*** Opening of Supplied entries ***

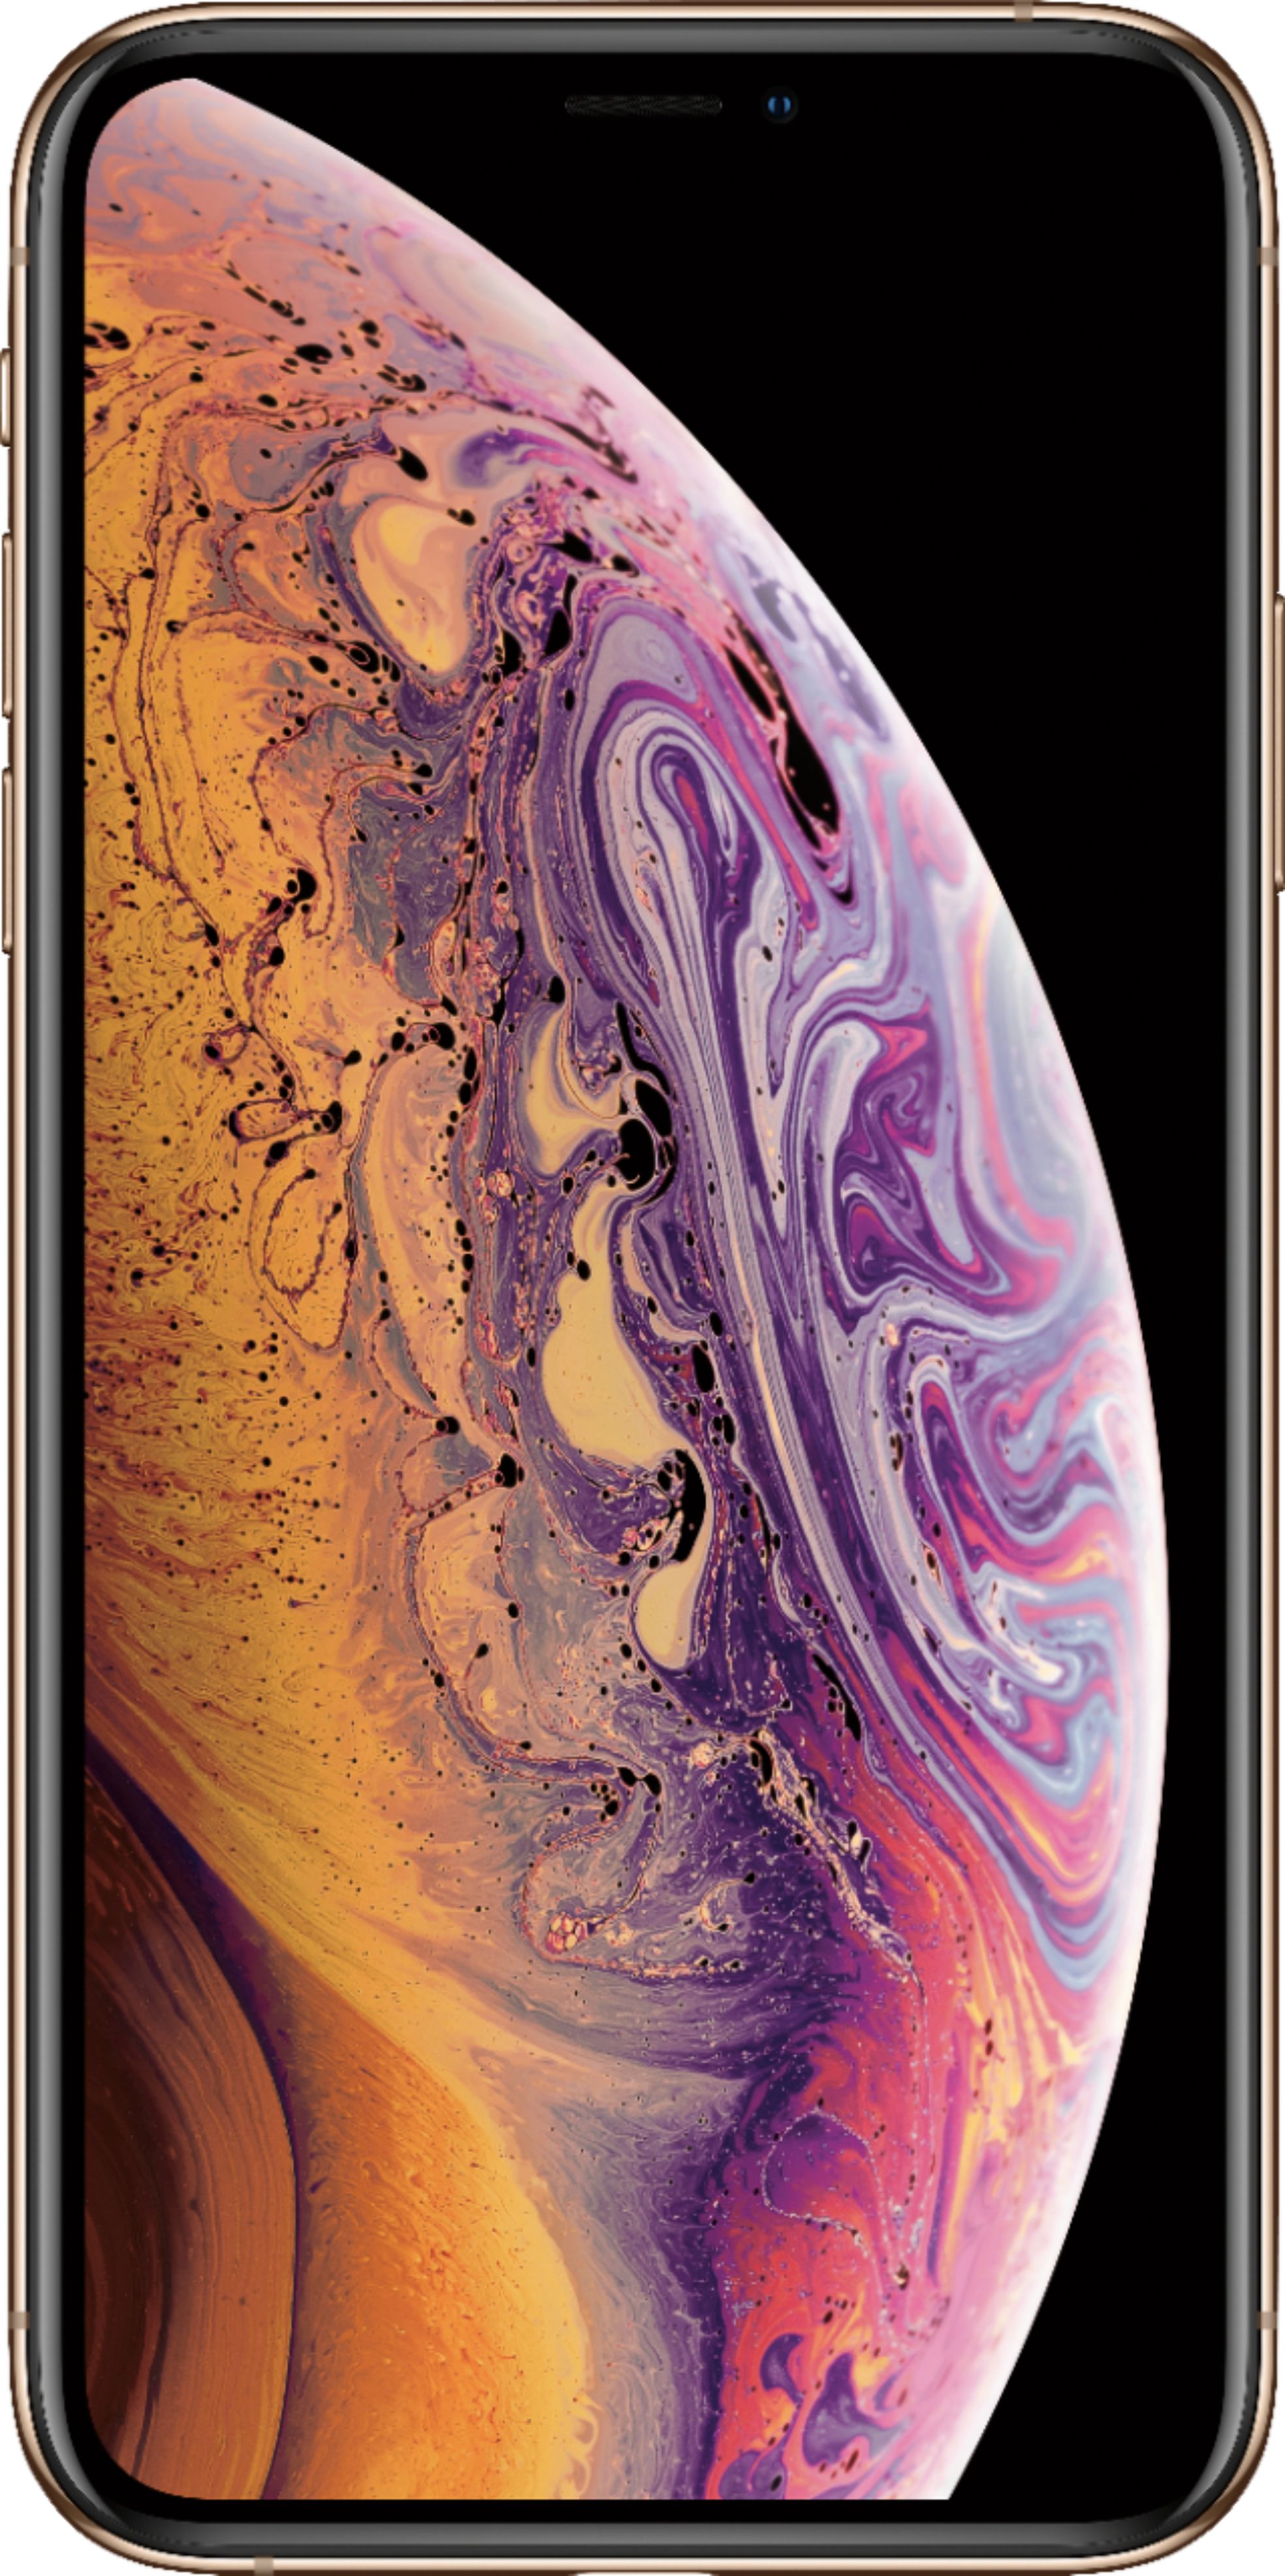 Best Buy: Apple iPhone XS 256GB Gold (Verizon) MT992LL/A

*** Close of Supplied entries ***
*** Opening of Supplied entries ***

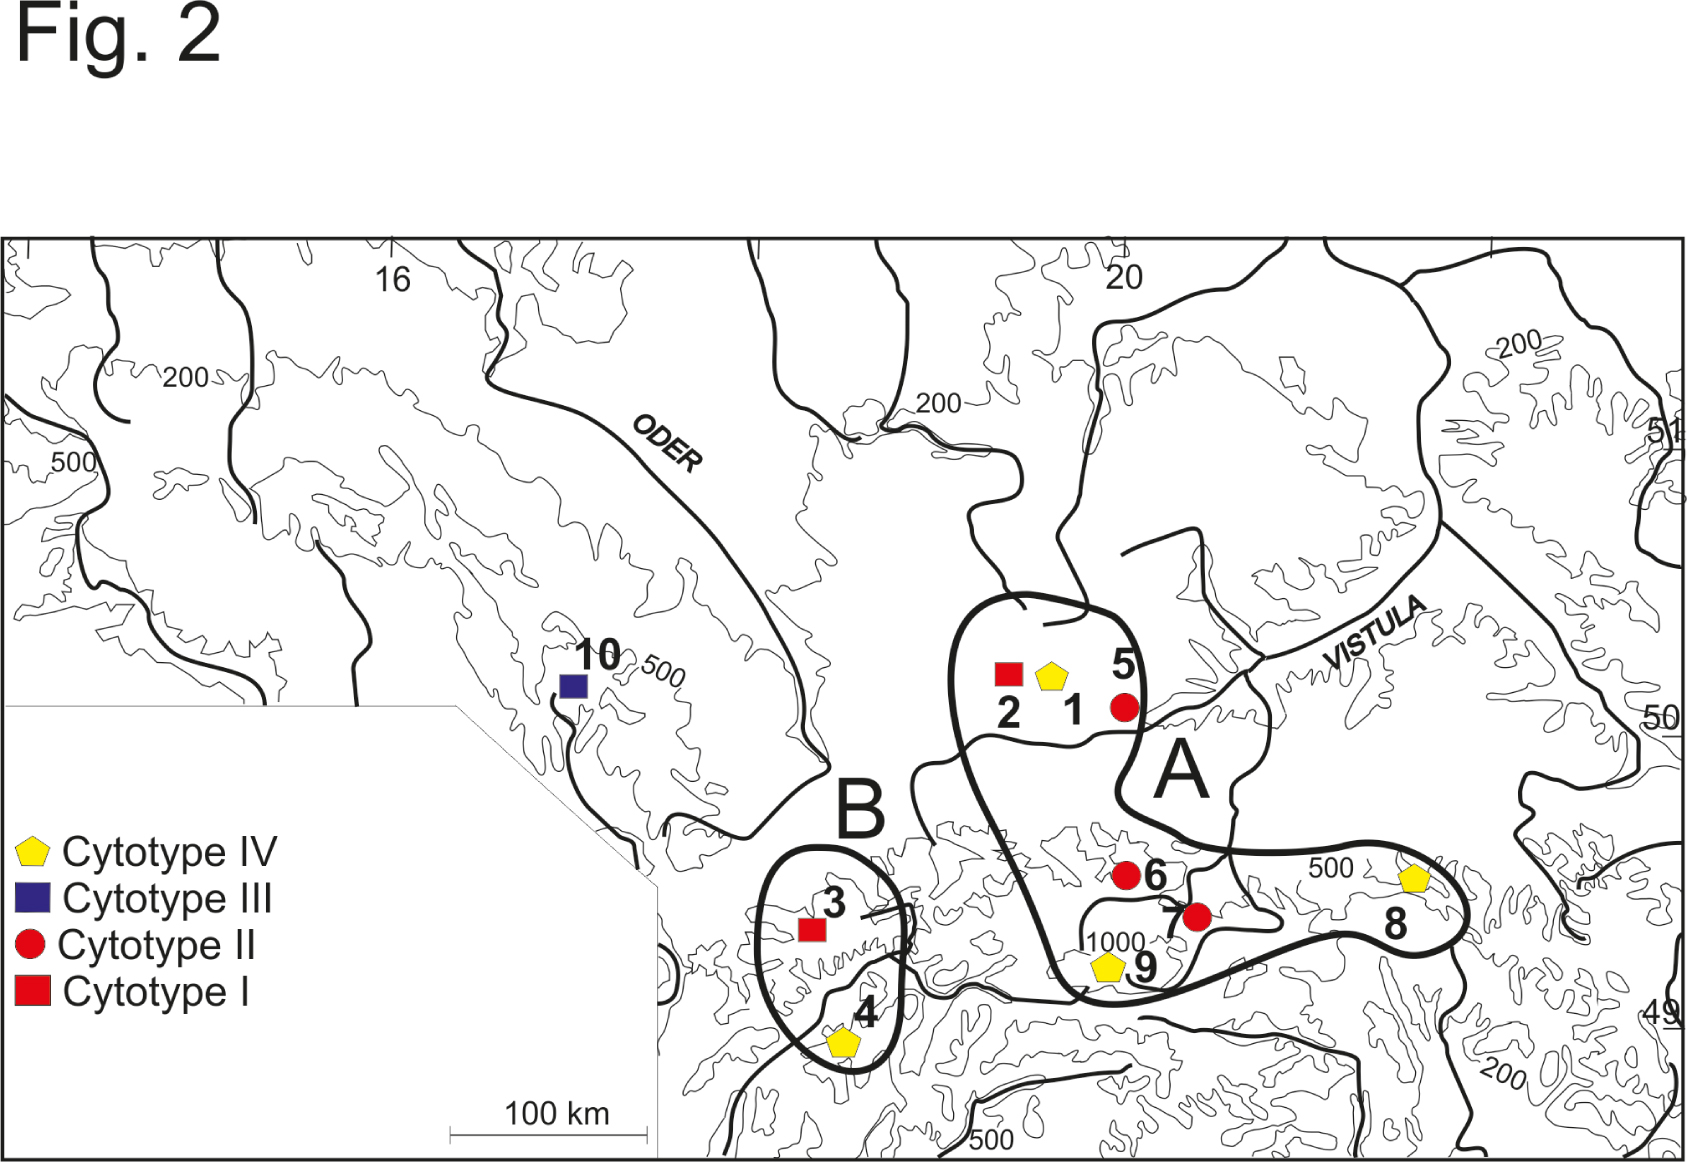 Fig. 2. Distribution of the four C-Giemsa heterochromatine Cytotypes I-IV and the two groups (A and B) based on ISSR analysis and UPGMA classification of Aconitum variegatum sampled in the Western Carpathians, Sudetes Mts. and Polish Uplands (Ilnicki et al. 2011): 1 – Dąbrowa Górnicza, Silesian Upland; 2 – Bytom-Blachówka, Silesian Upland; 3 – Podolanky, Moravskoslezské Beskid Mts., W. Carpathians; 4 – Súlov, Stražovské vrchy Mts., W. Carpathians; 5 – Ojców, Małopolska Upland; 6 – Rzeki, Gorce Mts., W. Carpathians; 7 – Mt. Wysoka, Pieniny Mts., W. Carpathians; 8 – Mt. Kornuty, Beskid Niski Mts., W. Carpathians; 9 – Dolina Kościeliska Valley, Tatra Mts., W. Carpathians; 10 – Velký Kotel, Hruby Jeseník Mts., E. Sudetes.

*** Close of Supplied entries ***
*** Opening of Supplied entries ***

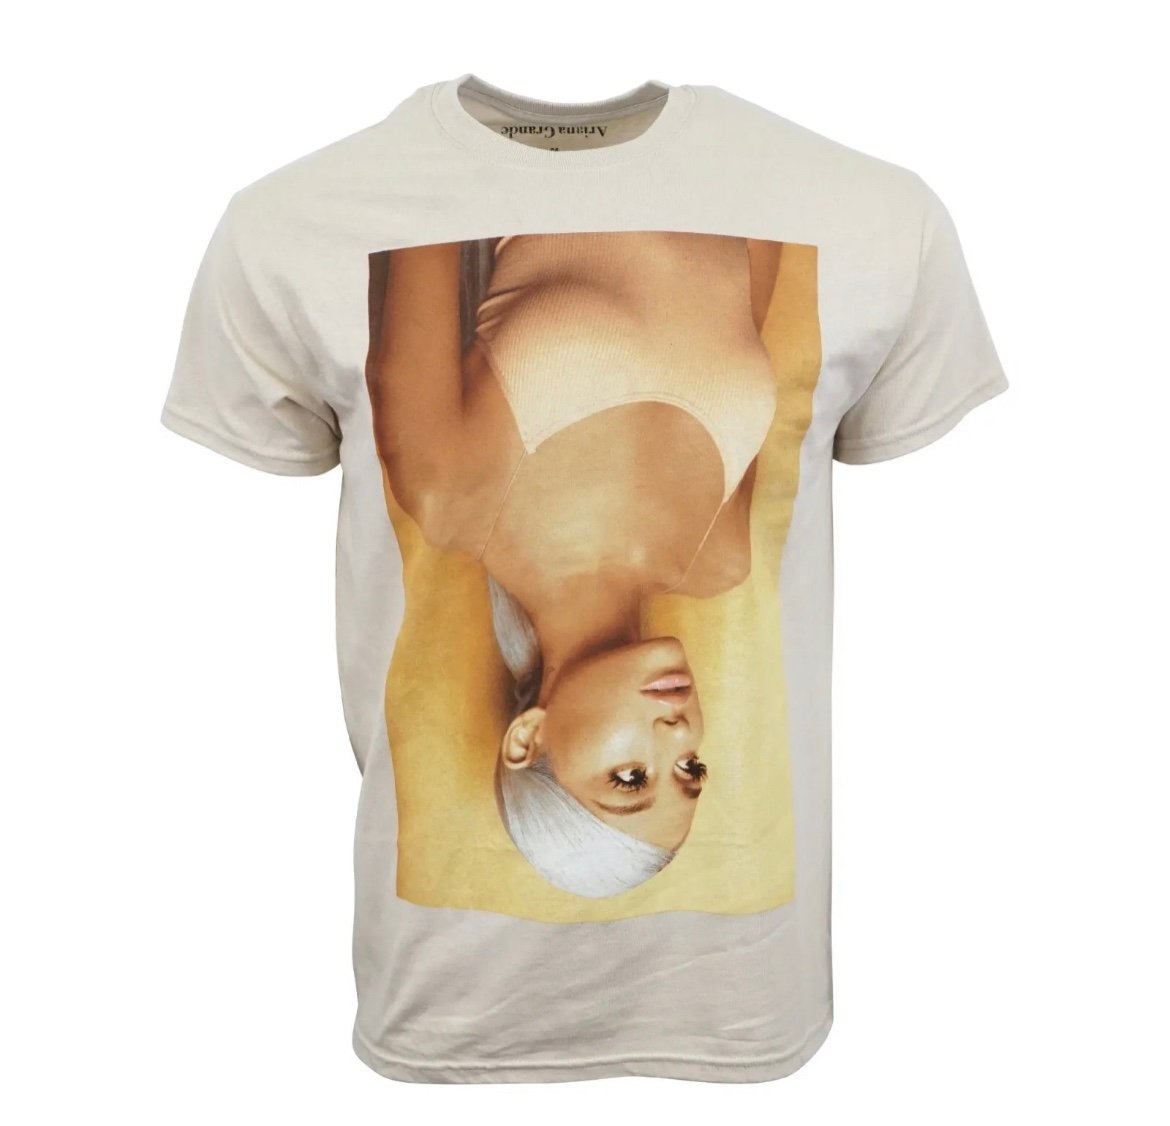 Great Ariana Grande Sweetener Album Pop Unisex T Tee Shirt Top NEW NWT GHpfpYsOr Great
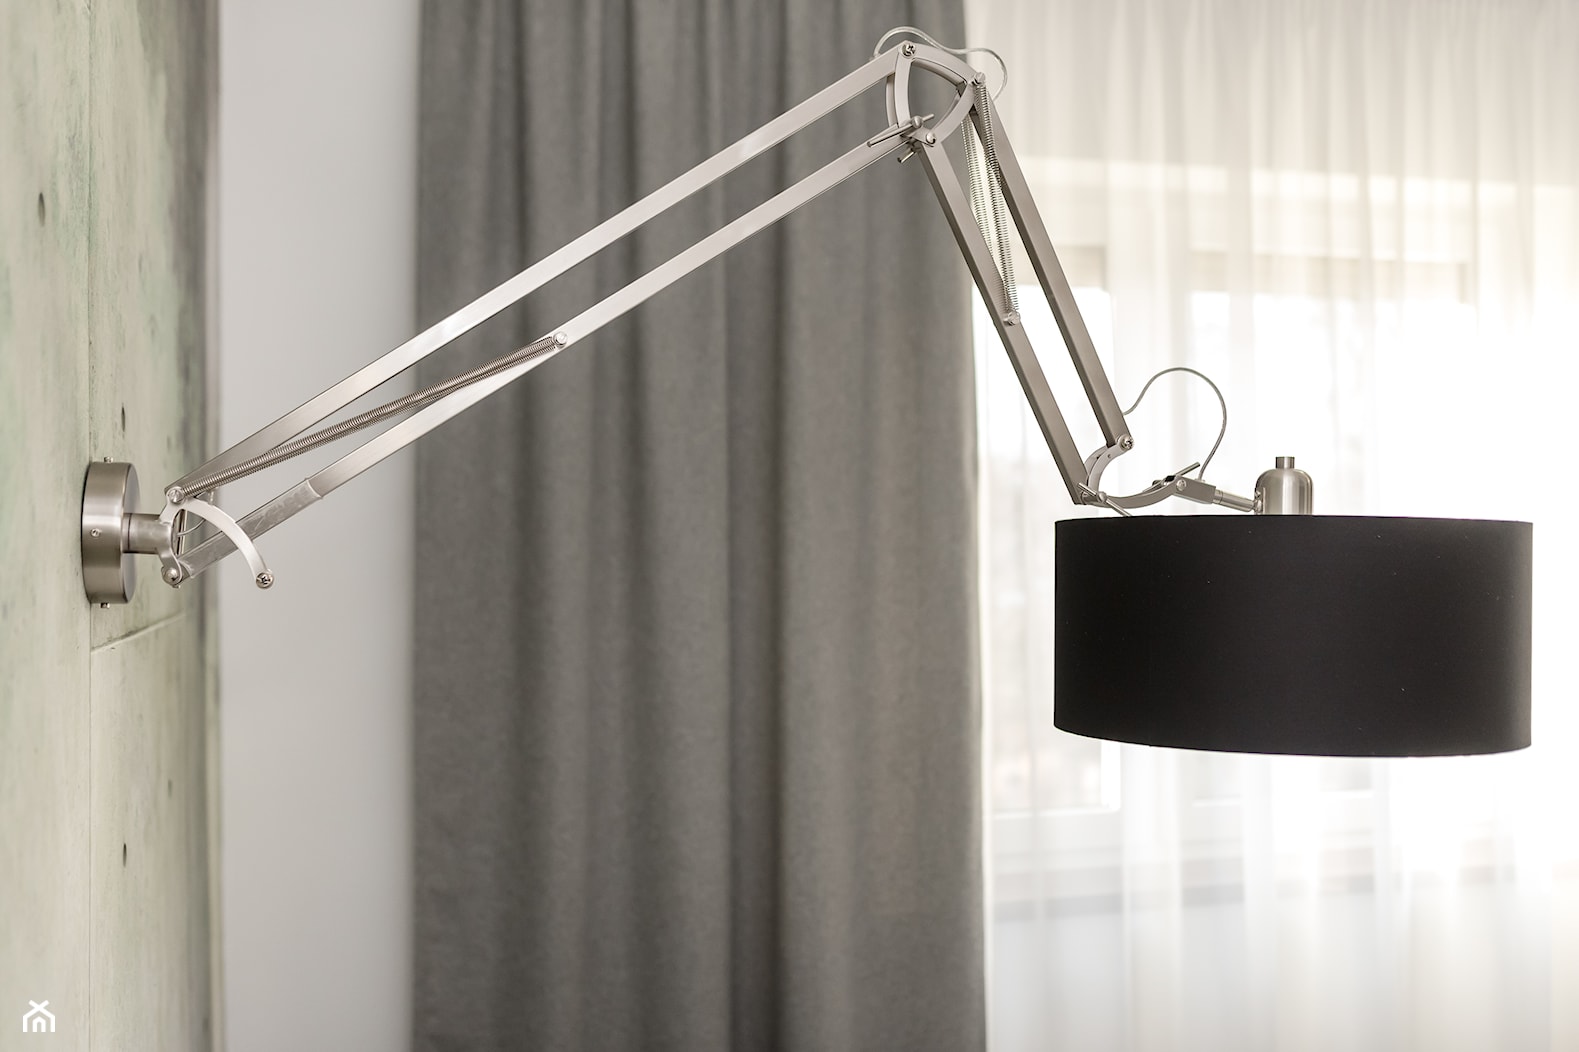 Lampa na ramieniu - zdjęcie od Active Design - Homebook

*** Close of Supplied entries ***

Output only the lines above from the line that holds "Great Ariana Grande" through the line that holds "Lampa na ramieniu", both ends included, and exclude pictures.

 Great Ariana Grande Sweetener Album Pop Unisex T Tee Shirt Top NEW NWT GHpfpYsOr Great
 Lampa na ramieniu - zdjęcie od Active Design - Homebook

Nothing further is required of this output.